EXERCISE:
Wherever "black" appears in the records below, copy the line that holds it.

DATA:
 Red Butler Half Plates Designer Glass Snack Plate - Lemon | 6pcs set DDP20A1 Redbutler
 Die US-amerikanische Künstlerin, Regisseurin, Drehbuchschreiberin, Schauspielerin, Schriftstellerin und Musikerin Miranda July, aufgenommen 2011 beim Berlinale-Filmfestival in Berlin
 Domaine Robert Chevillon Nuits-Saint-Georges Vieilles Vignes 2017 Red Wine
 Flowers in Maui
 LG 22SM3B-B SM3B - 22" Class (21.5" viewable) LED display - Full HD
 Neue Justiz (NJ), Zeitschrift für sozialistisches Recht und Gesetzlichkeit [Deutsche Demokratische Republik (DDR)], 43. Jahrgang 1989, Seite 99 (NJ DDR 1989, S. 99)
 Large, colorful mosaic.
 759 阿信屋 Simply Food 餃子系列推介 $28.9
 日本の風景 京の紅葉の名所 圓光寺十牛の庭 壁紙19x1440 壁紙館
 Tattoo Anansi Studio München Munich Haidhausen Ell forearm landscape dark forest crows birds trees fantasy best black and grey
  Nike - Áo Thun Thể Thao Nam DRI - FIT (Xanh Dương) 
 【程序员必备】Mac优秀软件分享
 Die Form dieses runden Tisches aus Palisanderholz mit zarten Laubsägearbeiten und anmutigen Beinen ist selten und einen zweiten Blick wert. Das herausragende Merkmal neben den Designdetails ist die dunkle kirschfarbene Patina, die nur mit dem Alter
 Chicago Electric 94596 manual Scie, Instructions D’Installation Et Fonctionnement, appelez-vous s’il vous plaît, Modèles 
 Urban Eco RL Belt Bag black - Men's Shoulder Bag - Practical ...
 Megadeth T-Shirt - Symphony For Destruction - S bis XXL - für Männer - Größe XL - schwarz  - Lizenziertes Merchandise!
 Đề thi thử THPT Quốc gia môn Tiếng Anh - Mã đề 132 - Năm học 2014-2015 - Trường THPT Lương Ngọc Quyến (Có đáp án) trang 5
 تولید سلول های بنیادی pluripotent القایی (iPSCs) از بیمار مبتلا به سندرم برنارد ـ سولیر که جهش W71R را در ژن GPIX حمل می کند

WRITTEN RESPONSE:
 Tattoo Anansi Studio München Munich Haidhausen Ell forearm landscape dark forest crows birds trees fantasy best black and grey
 Urban Eco RL Belt Bag black - Men's Shoulder Bag - Practical ...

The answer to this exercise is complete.